Task: Leave out the pictures and repeat exactly the lines from the one containing "White Garden Restaurant" through the final line of the listing below.

Exercise data:
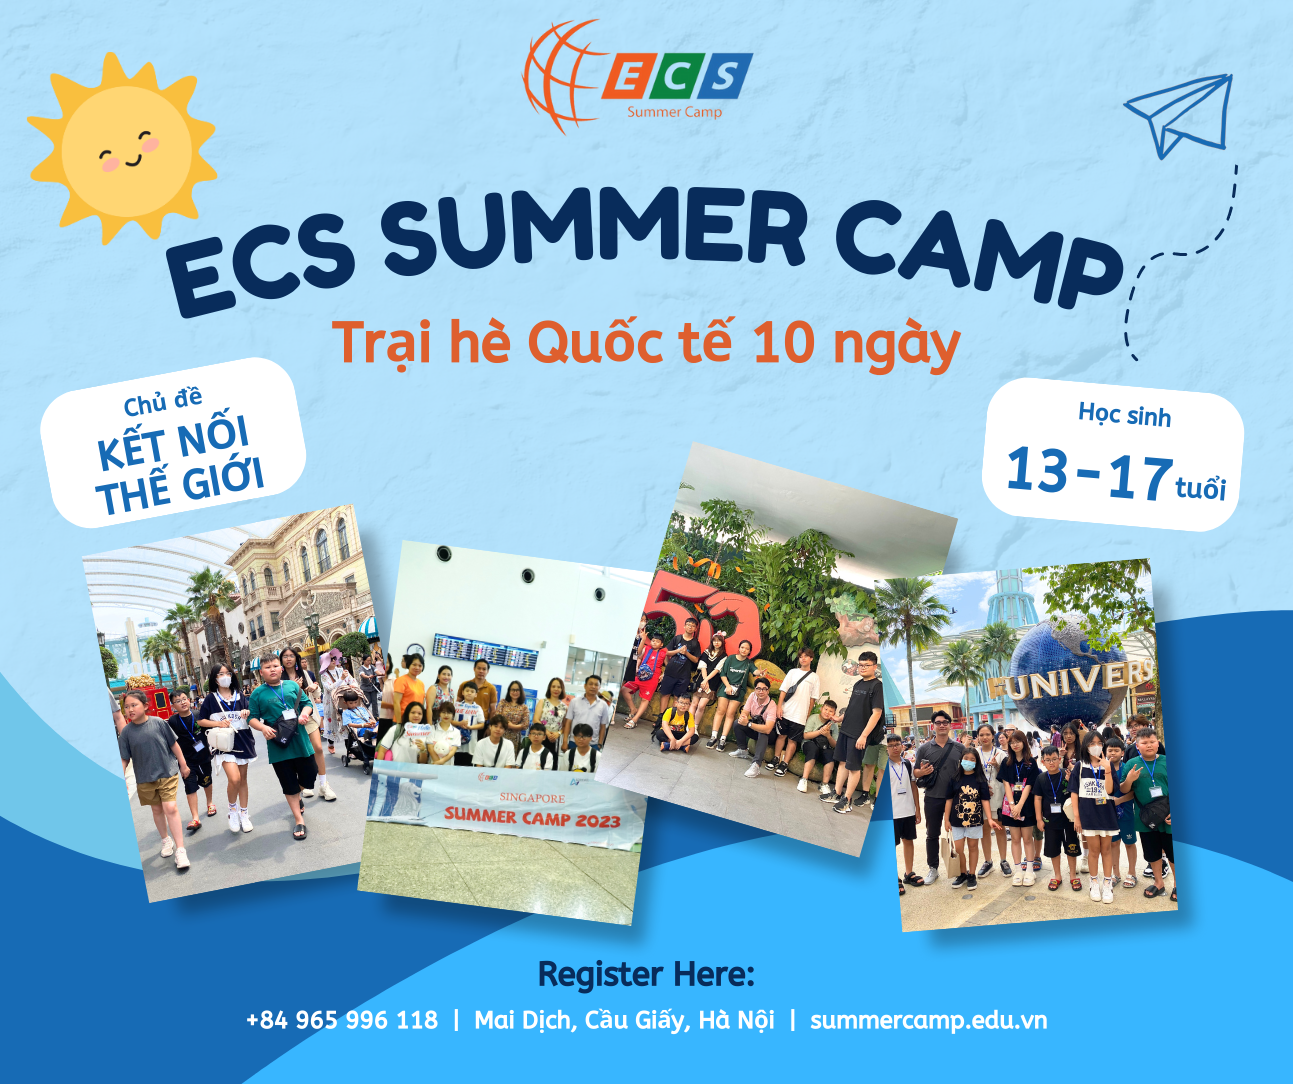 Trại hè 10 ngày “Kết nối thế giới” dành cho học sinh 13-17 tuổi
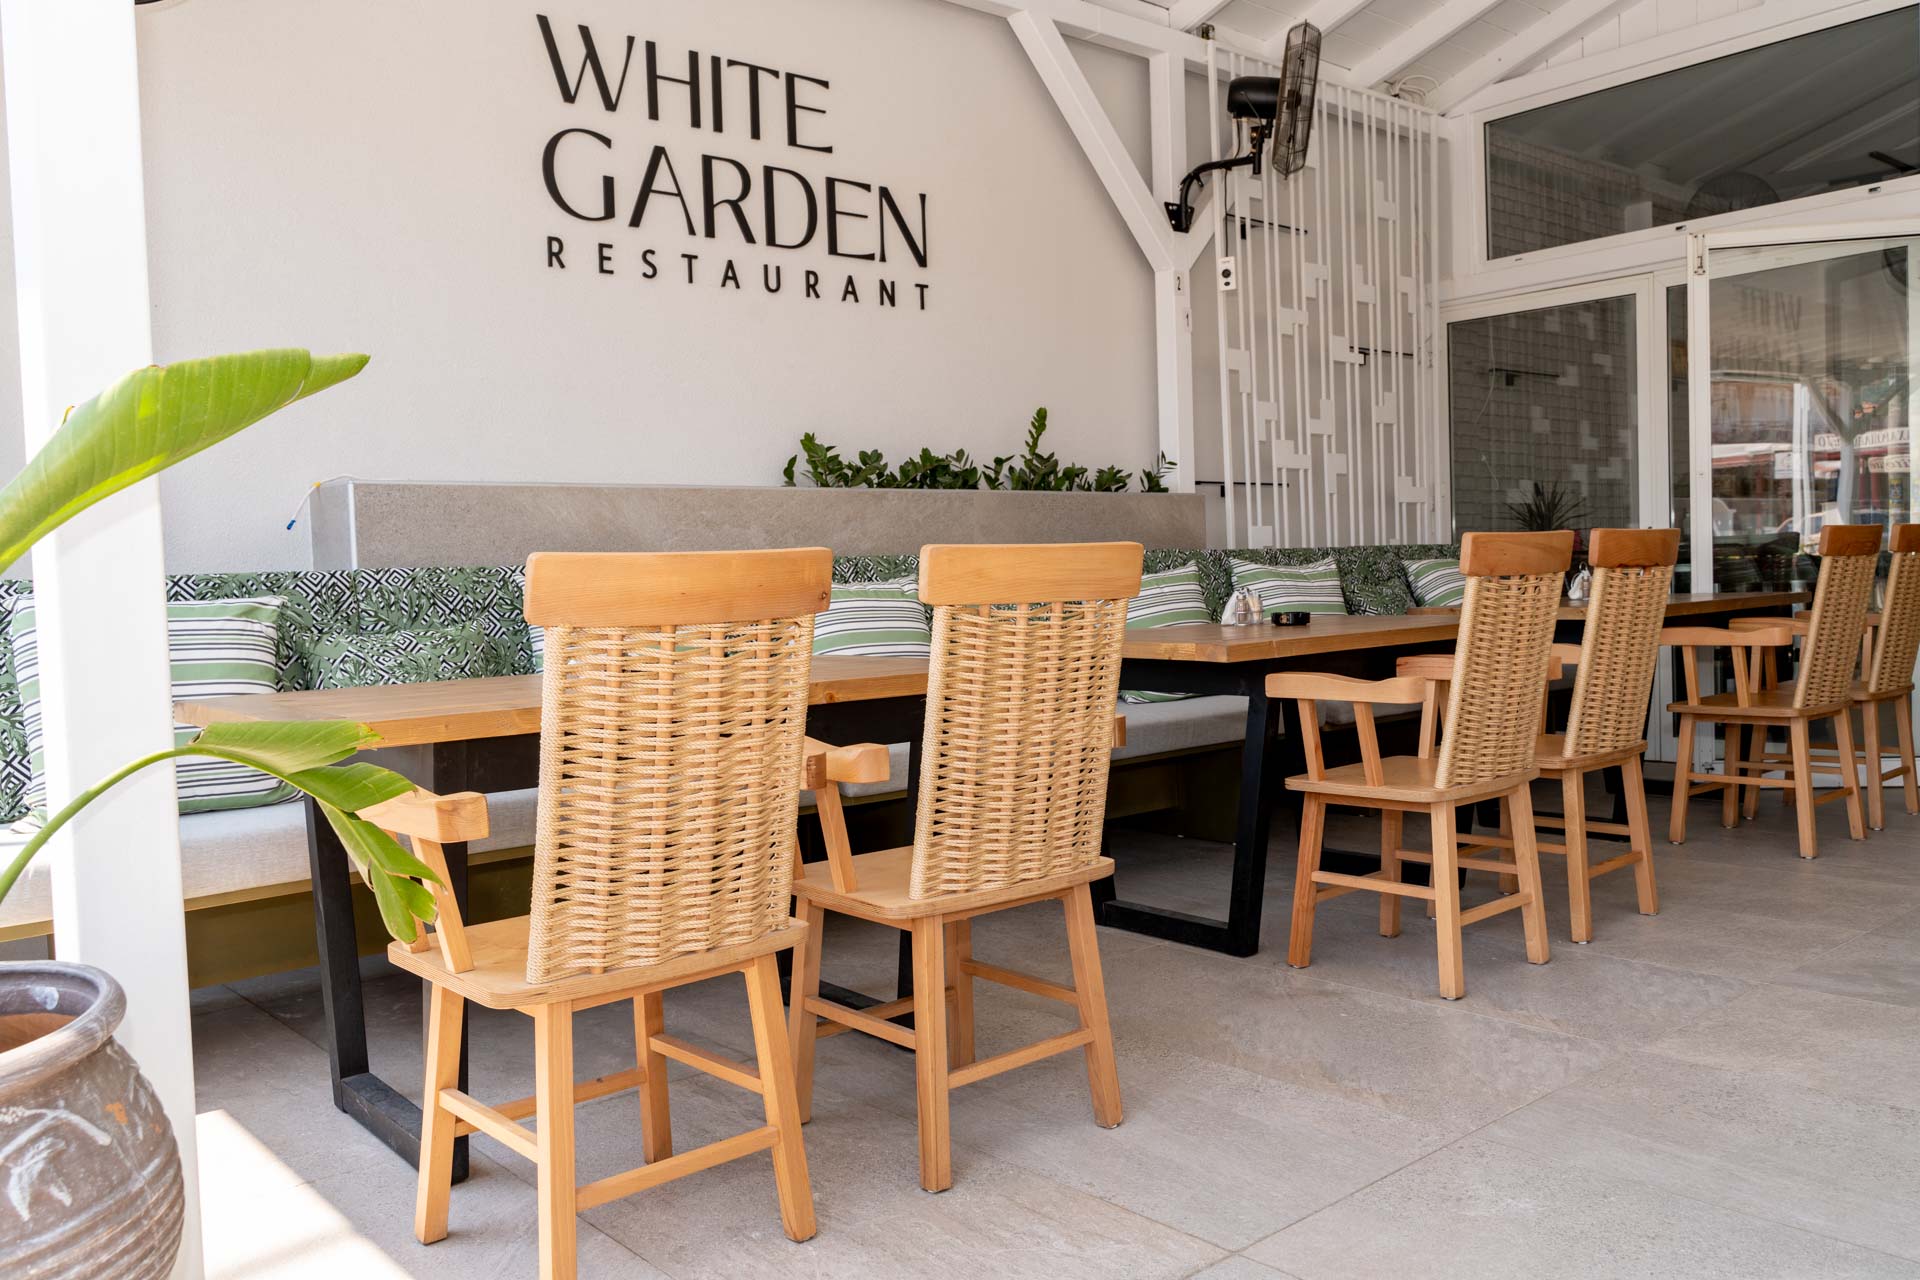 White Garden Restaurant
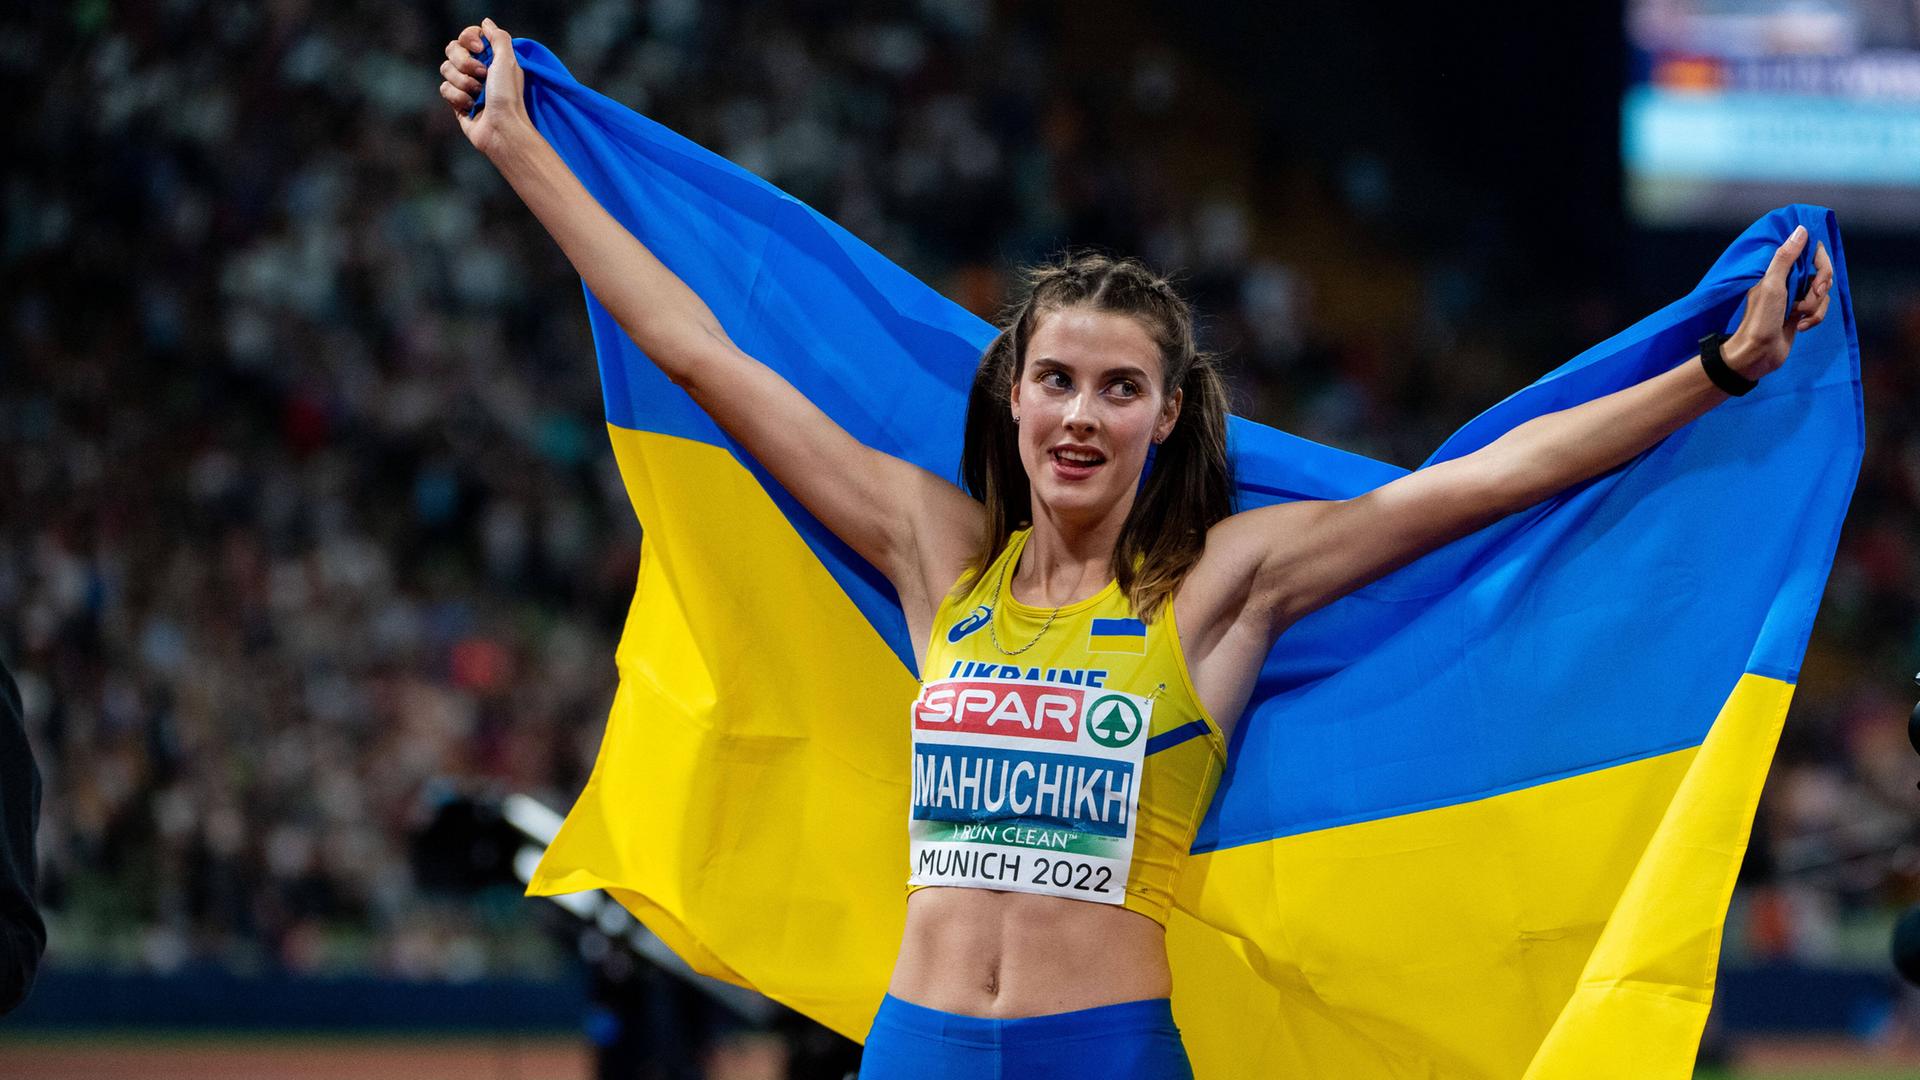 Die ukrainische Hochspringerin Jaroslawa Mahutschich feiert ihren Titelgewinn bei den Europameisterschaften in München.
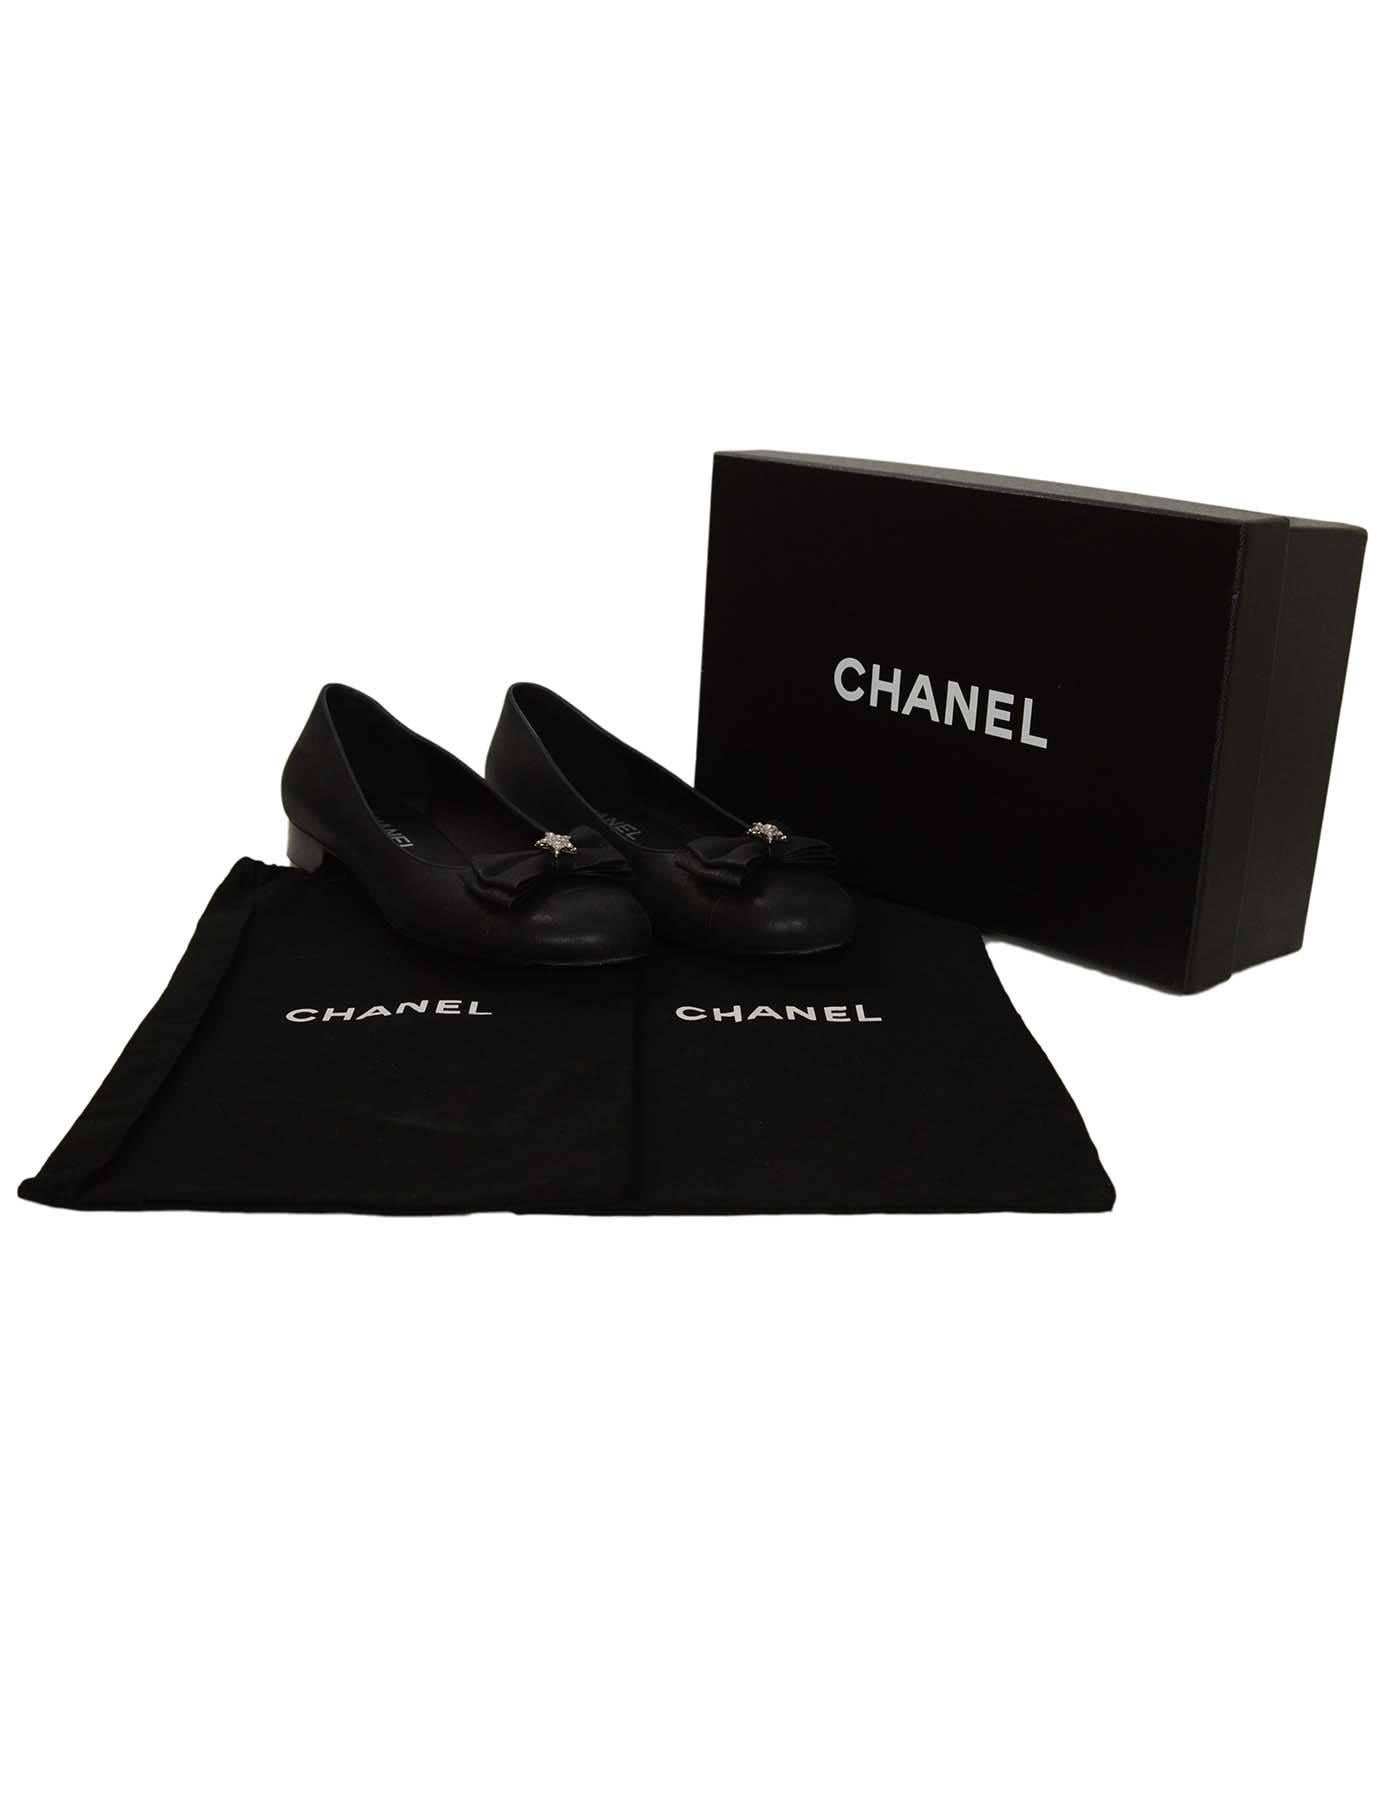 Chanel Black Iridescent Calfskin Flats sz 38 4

Output of the task:
 White Garden Restaurant
 Die ukrainische Hochspringerin Jaroslawa Mahutschich feiert ihren Titelgewinn bei den Europameisterschaften in München.
 Chanel Black Iridescent Calfskin Flats sz 38 4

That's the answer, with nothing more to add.